Retype the whole listing exactly. Leave out pictures.

::: Stored data :::

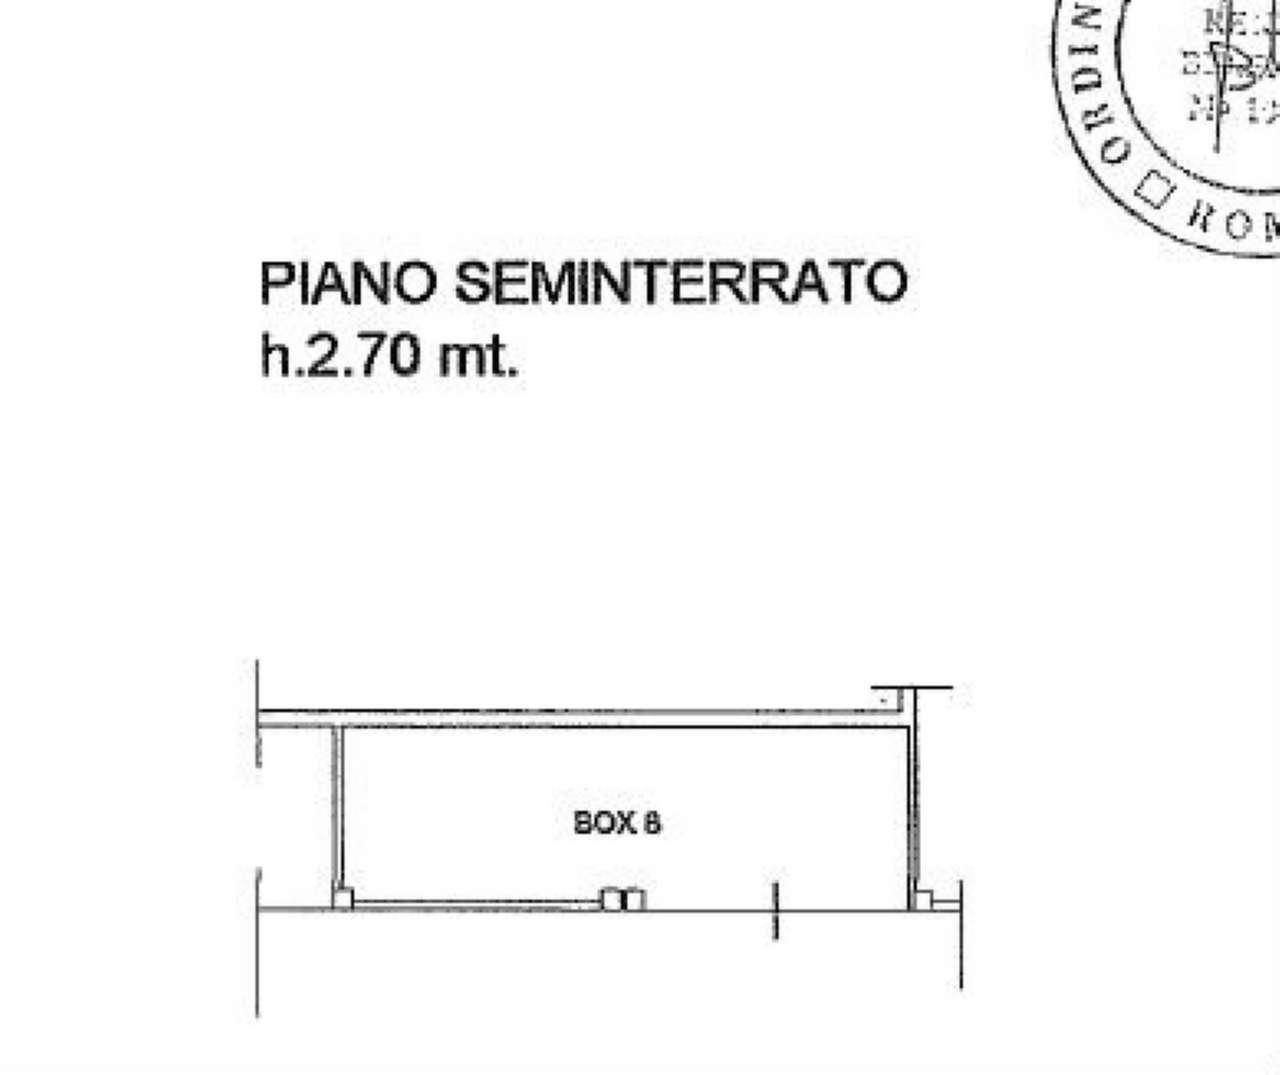 Foto 22 di Villa a Schiera via MITTA 6, Roma (zona Finocchio - Torre Gaia - Tor Vergata)
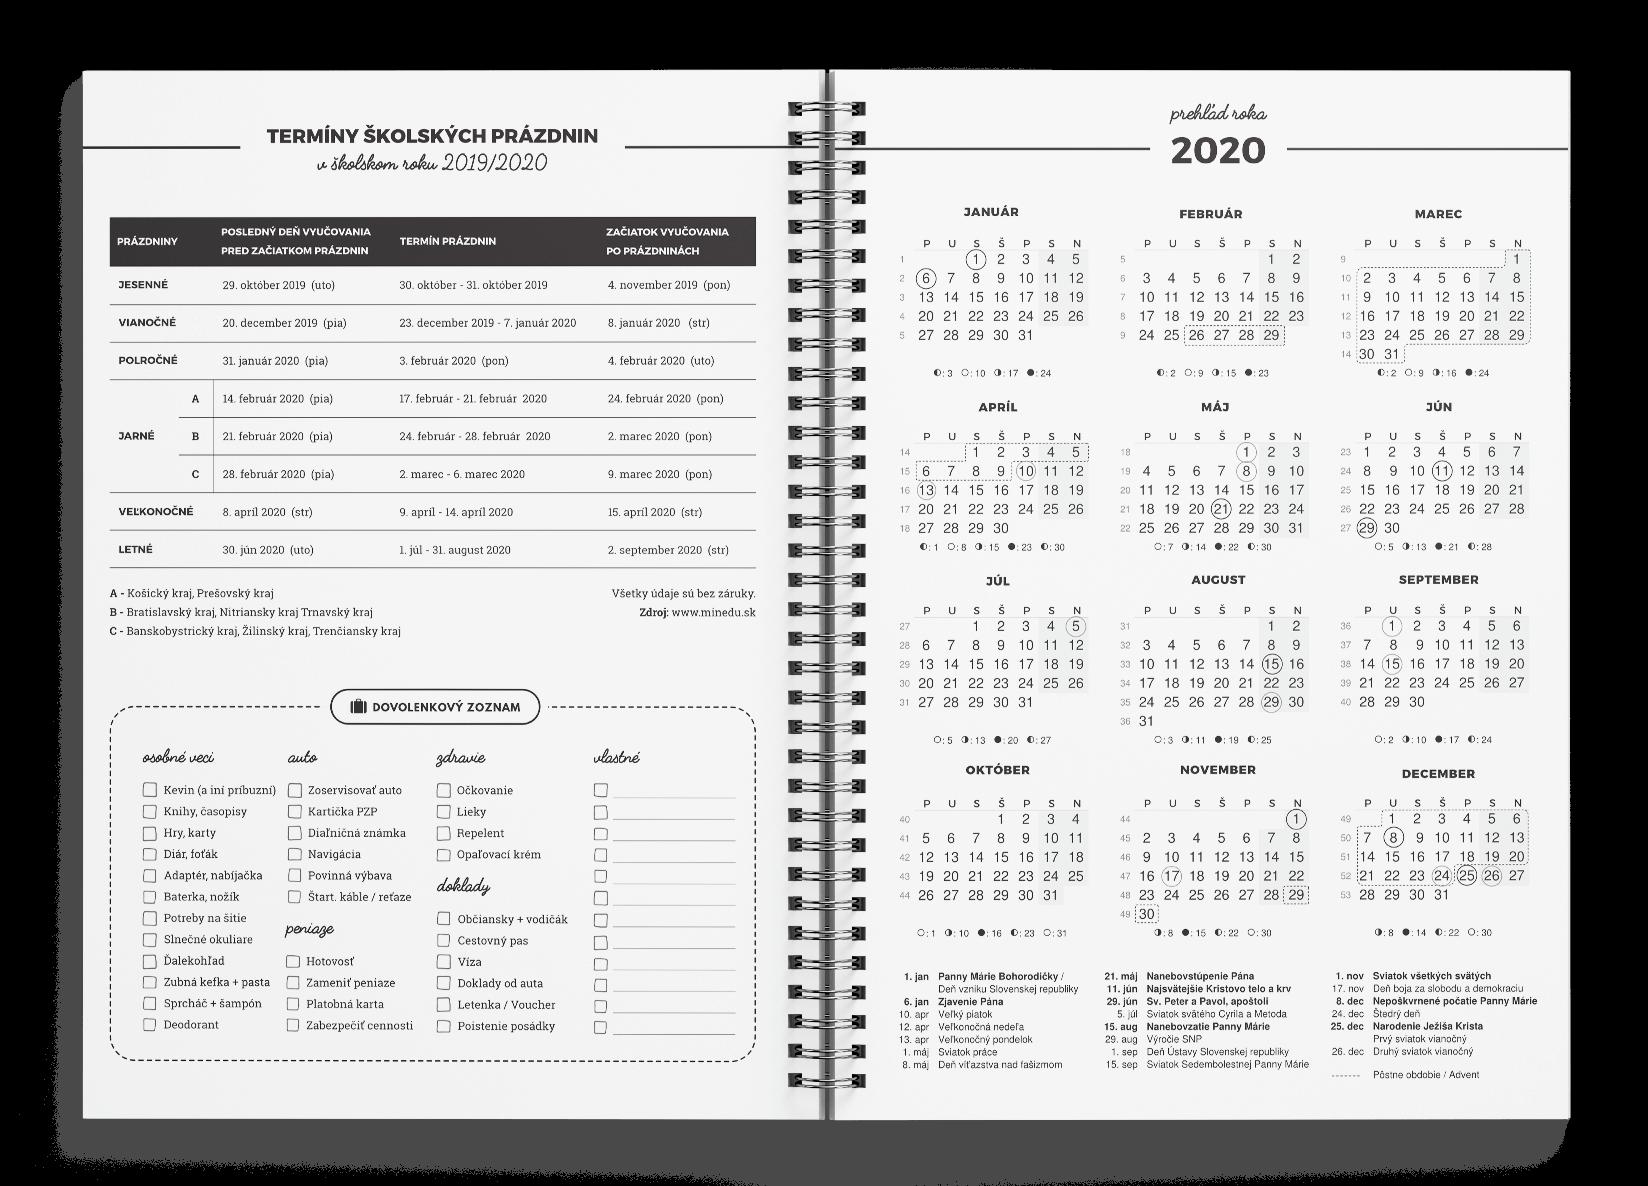 Kresťanský motivačný diár: prehľadný ročný kalendár 2019, sviatky, prázdniny a dovolenkový zoznam
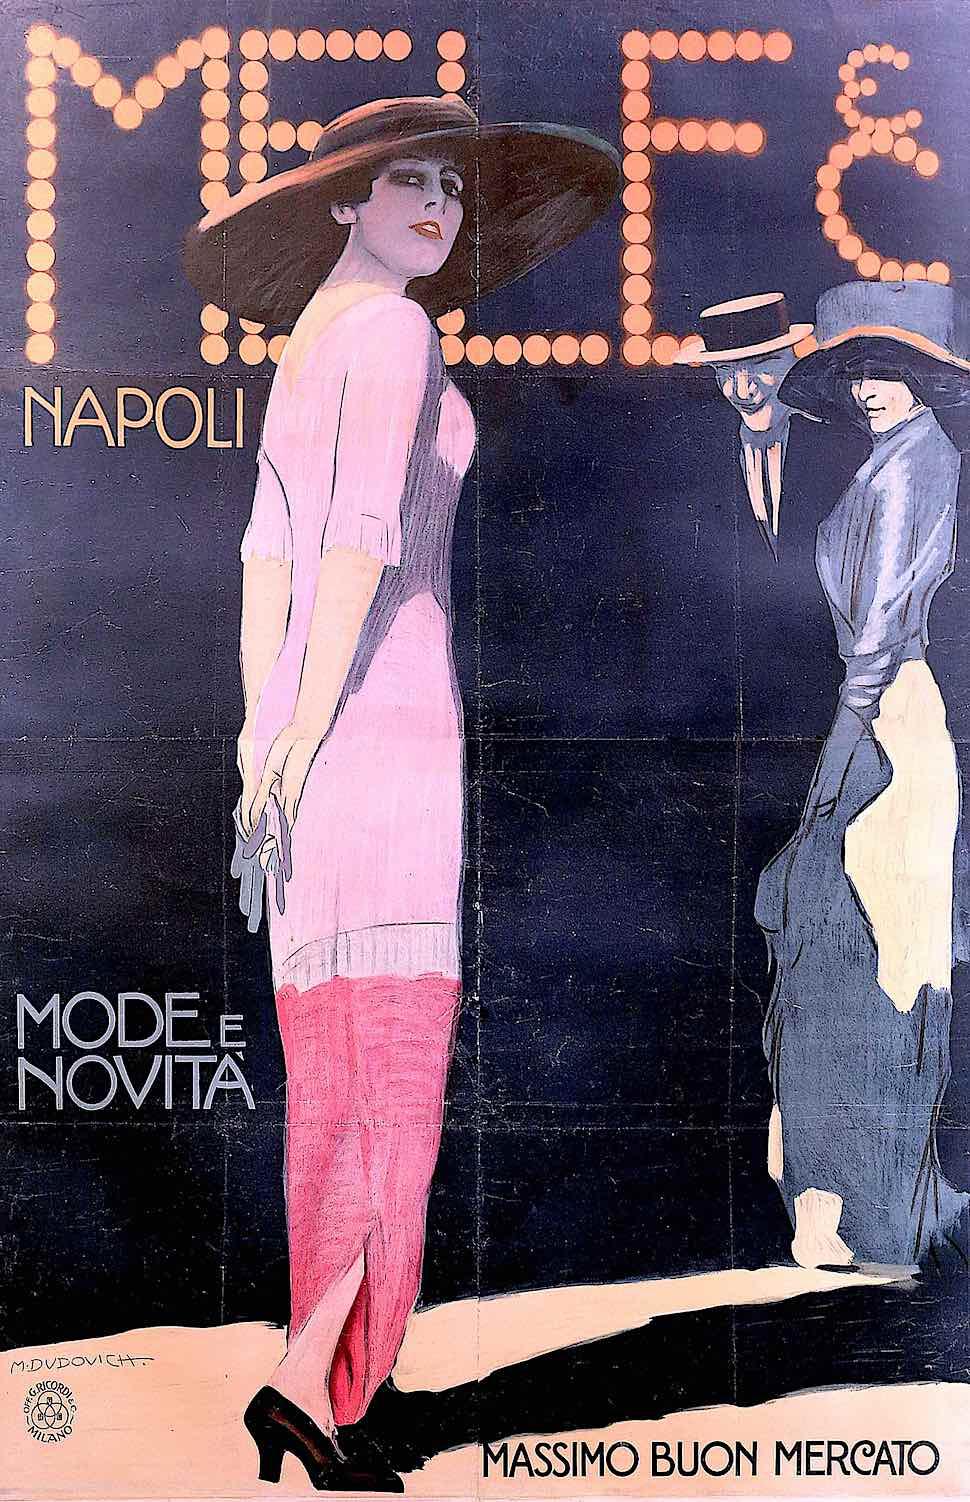 a 1911 Marcello Dudovich illustration of a pretty woman in Napoli, Mode e Novita
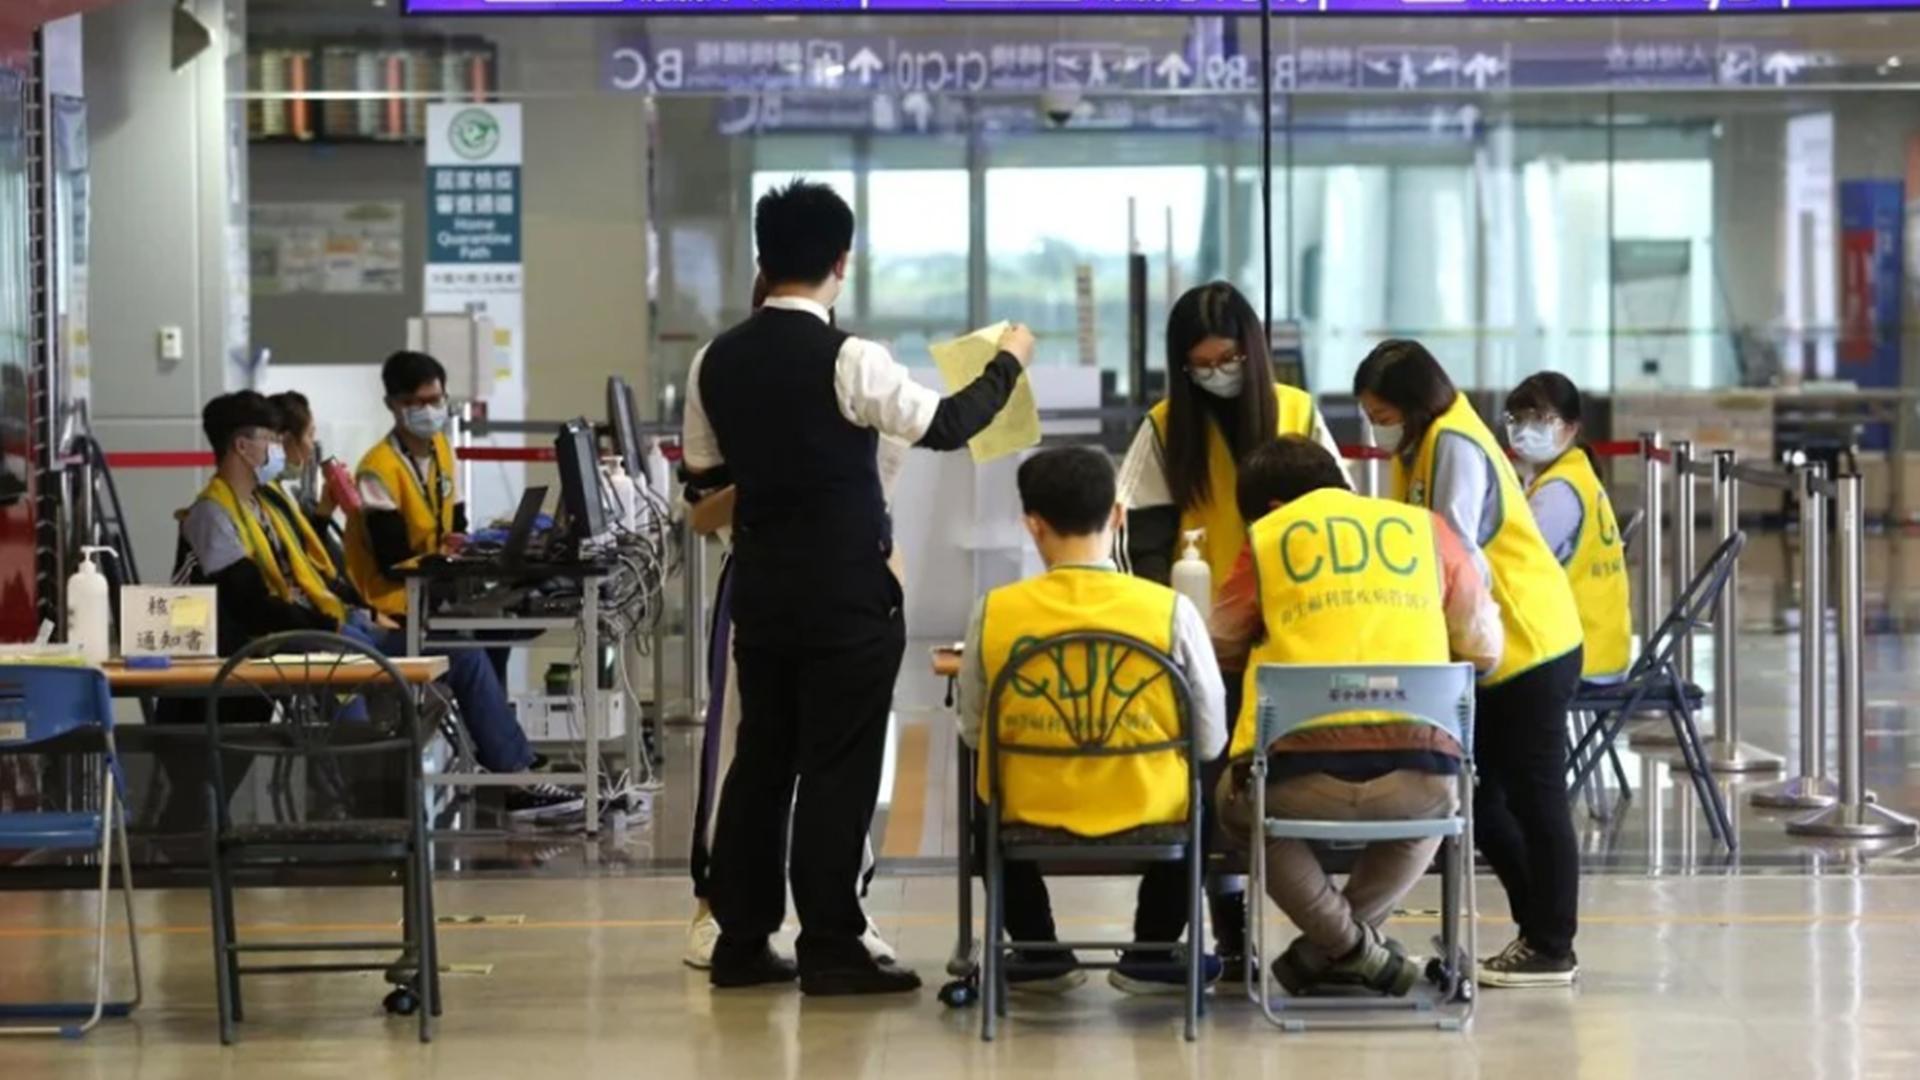 台新增5例确诊:搭同一航班入境 自费采检确诊图片

:::

▶ _Reply to the exercise_
 Foto 22 di Villa a Schiera via MITTA 6, Roma (zona Finocchio - Torre Gaia - Tor Vergata)
 Kresťanský motivačný diár: prehľadný ročný kalendár 2019, sviatky, prázdniny a dovolenkový zoznam
 a 1911 Marcello Dudovich illustration of a pretty woman in Napoli, Mode e Novita
 台新增5例确诊:搭同一航班入境 自费采检确诊图片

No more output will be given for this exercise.